Negative enquiry

Negative enquiry helps you to prompt criticism in order to either use the information if it turns out your critic is trying to be constructive, or to expose it if your critic is being purely manipulative, or vicious. If it is constructive, you can give the other person and opportunity to express honest, negative feelings which will help improve communication between you. By asking for more information about what is negative, you can break the manipulative cycle and prompt the person you are dealing with to be more assertive.

The technique

You ask for clarification of the things about yourself or your behaviour that might be negative.

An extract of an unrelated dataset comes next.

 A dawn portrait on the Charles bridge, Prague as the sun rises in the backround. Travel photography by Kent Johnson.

It is important to get specific, eliciting information in an unemotional low key manner, e.g. “Can you be more specific?” or “What have I done to make you think that?” or “What is it about the way that I ….. that you don’t like?” .

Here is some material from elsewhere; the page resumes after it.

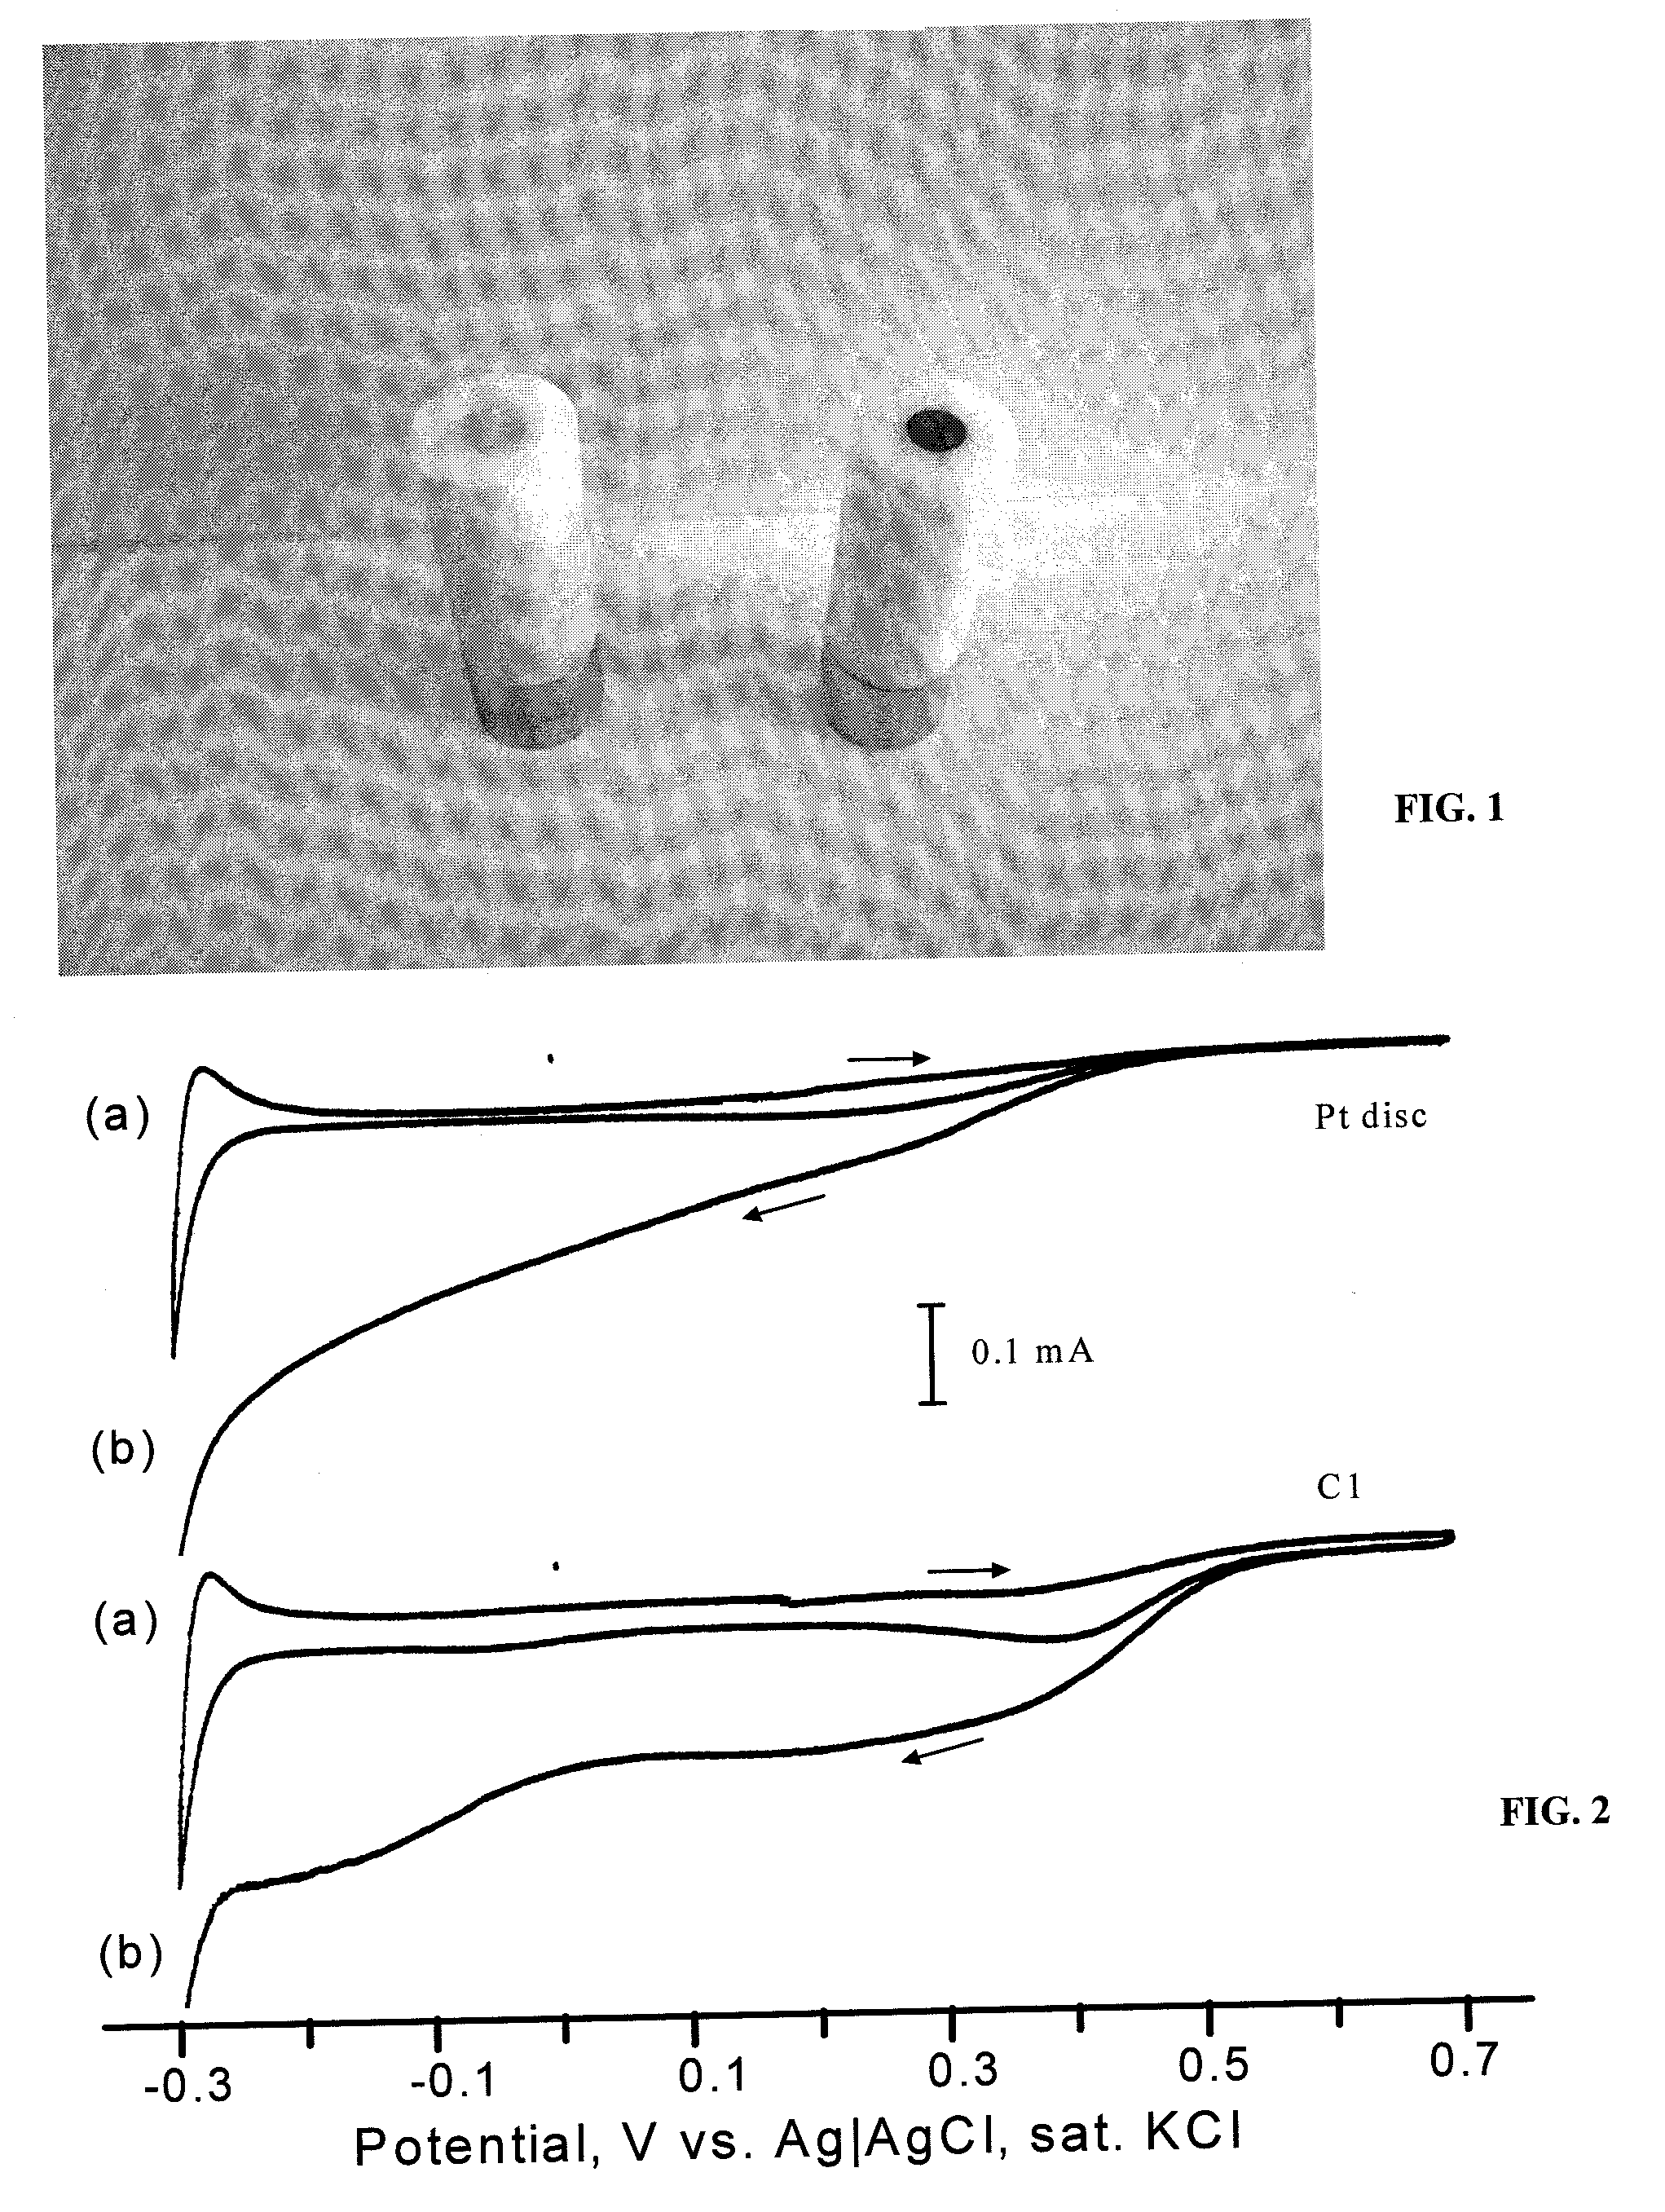 Photocatalytic Deposition of Metals and Compositions Comprising the Same

Listen closely to the words and help the critic to get specific …

CRITIC
“You’ve been acting really standoffish lately, too good for the rest of us”
YOU
“What do you mean when you say that?”
CRITIC
“Well you just seem to think you’re better than the rest of us”
YOU
“Is it something to do with what I’ve been saying or to do with how I spend my time?”
CRITIC
“Well, I suppose it’s more to do with how you spend your time”
YOU
“What is it about how I spend my time”
CRITIC
“Well, you never seem to have time for your friends these days – you’re always so busy”
CRITIC
“You are so unprofessional”
YOU
“What is about me that makes you think I’m unprofessional?”
CRITIC
“The way you dress. You’re always so scruffy”
YOU
“You say I’m dressed scruffily. What is it about how I’m dressed that makes me look scruffy?”
CRITIC
“Well, you shoes, for one thing”
YOU
“What is it about my shoes that’s scruffy?”
CRITIC
“Just look at them. You haven’t shined them in a month”
YOU ”
Then it’s my shoes not being shined that makes me look unprofessional”
CRITIC
“Yes… that’s one thing.”

 This approach can often result in a much more constructive conversation. In the above examples, you would have learned very little if you had responded aggressively or if you had ignored the criticism. You can now decide if you want to change anything.